Checkpoints are plain `state_dict` files; the init-scale rescaling is baked into the trained weights.

```python
from huggingface_hub import hf_hub_download, snapshot_download
# one file
p = hf_hub_download("nileshsarkar-ai/CausalGrok",
                    "runs/20260505-080445_grokking_n1000_s42/checkpoints/ep00400.pt")
# whole archive
snapshot_download("nileshsarkar-ai/CausalGrok", local_dir="CausalGrok")
```

---

## Dataset

Experiments use **Camelyon17** from the [WILDS benchmark](https://wilds.stanford.edu/).
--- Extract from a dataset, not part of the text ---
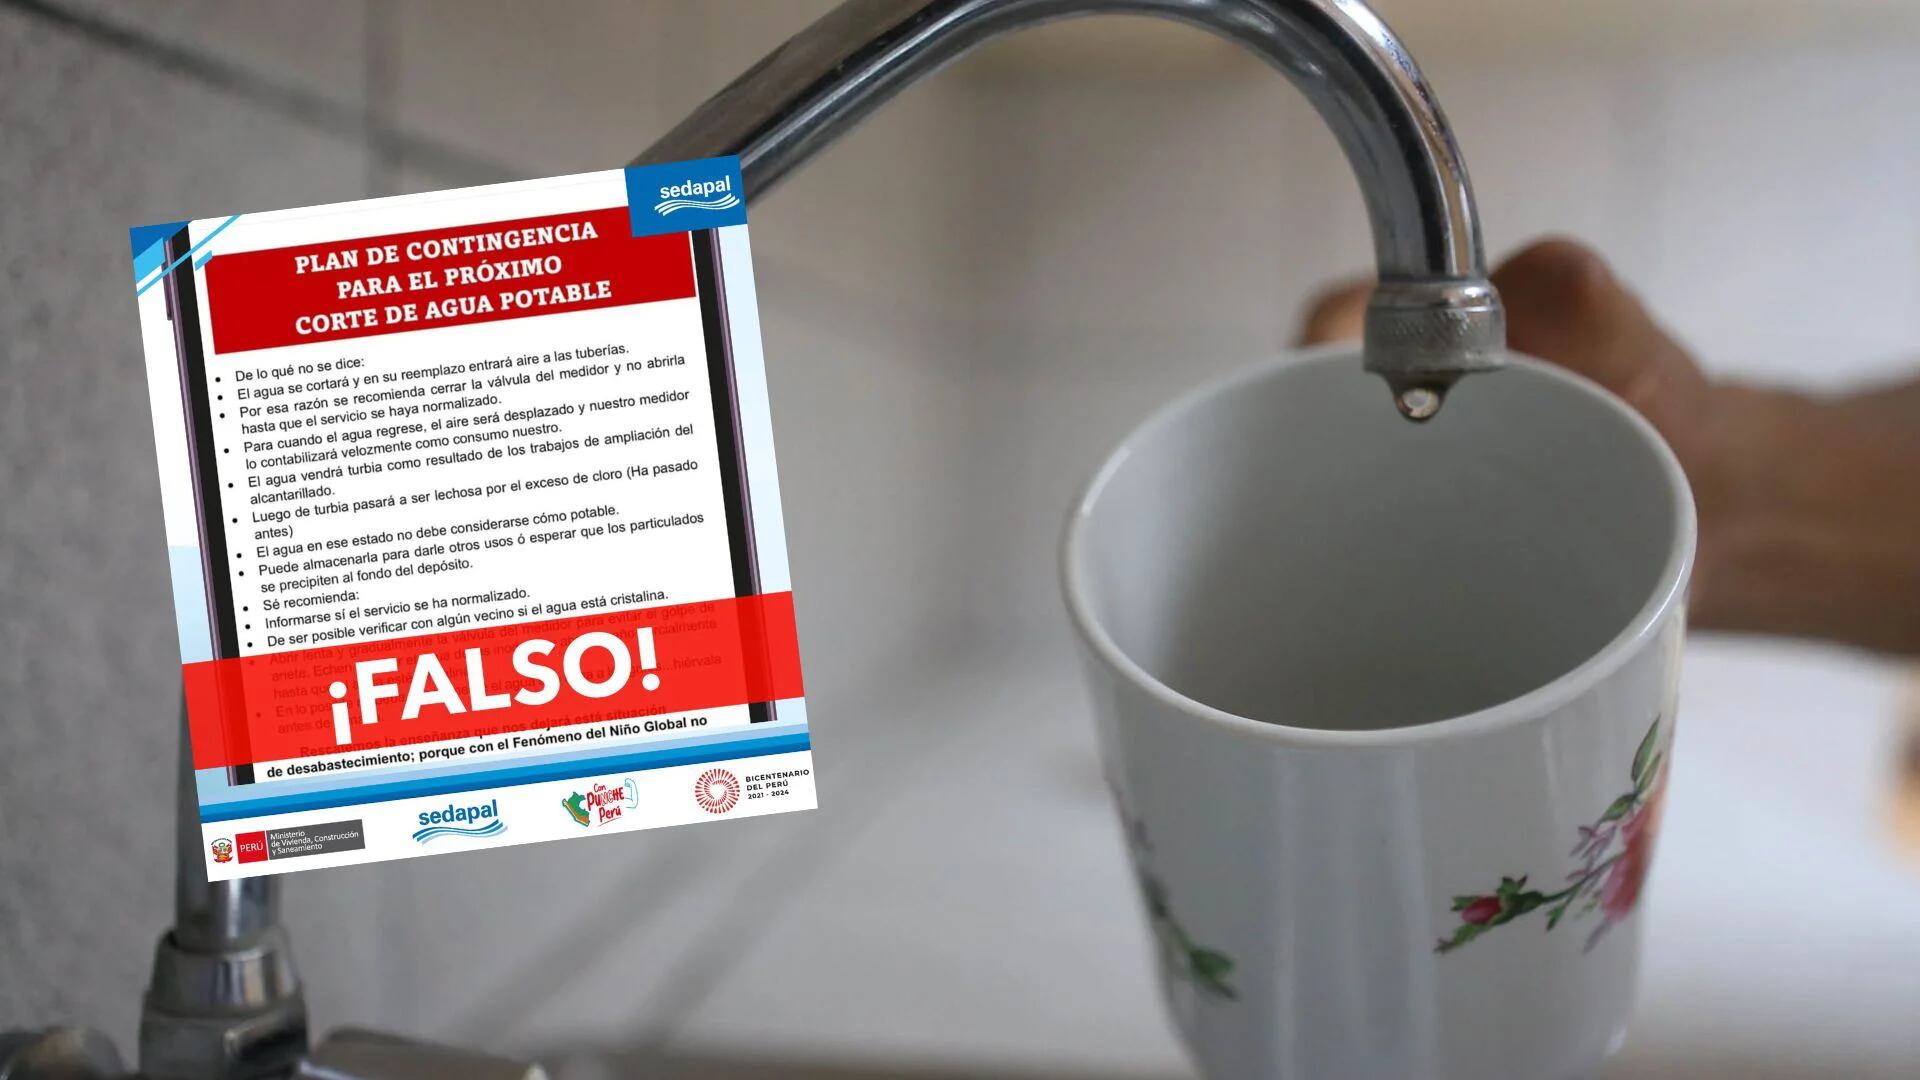 "El agua vendrá turbia": Sedapal advierte sobre difusión de comunicados falsos sobre corte masivo de agua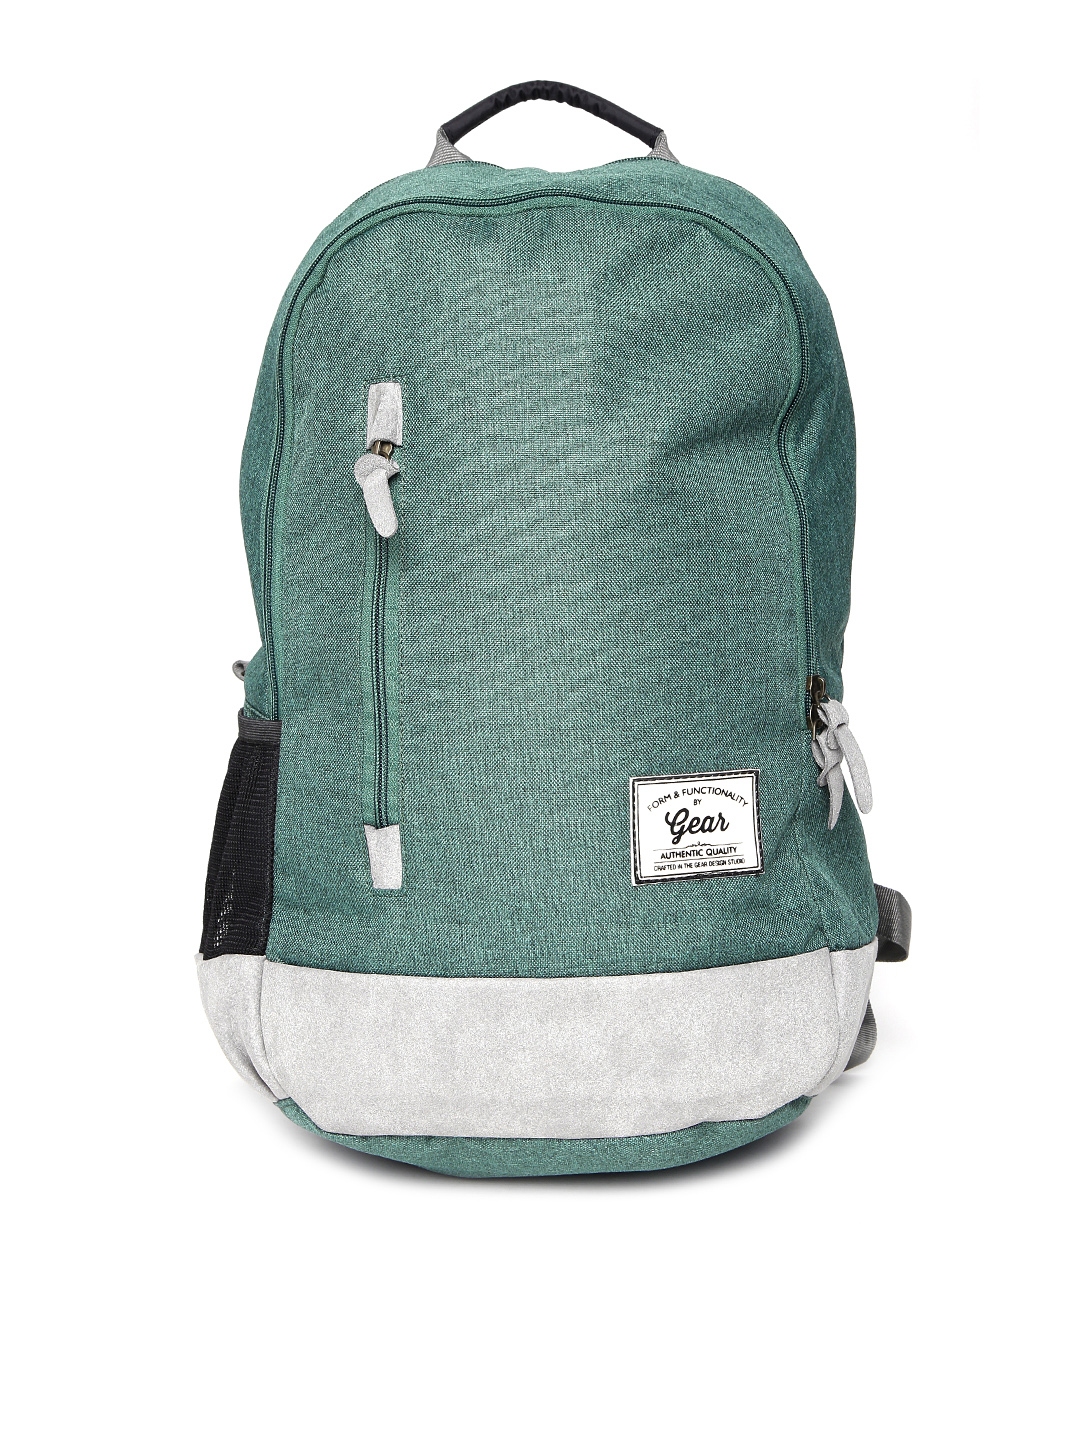 Gear Unisex Teal Green Campus 8 Waterproof Backpack

The raw dataset (~10 GB) is **not** mirrored here (public benchmark); `code/utils/camelyon_data.py::get_camelyon_subsets` auto-downloads it via the `wilds` package.

---

## Citation

```bibtex
@misc{causalgrok2026,
  title  = {Interventional Analysis of Shortcut Geometry Under Grokking-Favorable Training},
  author = {Sarkar, Nilesh},
  year   = {2026},
  url    = {https://github.com/nileshsarkar-ai/CausalGrok}
}
```

## License

CC BY 4.0. The Camelyon17 dataset retains its own WILDS license; this archive does not redistribute it.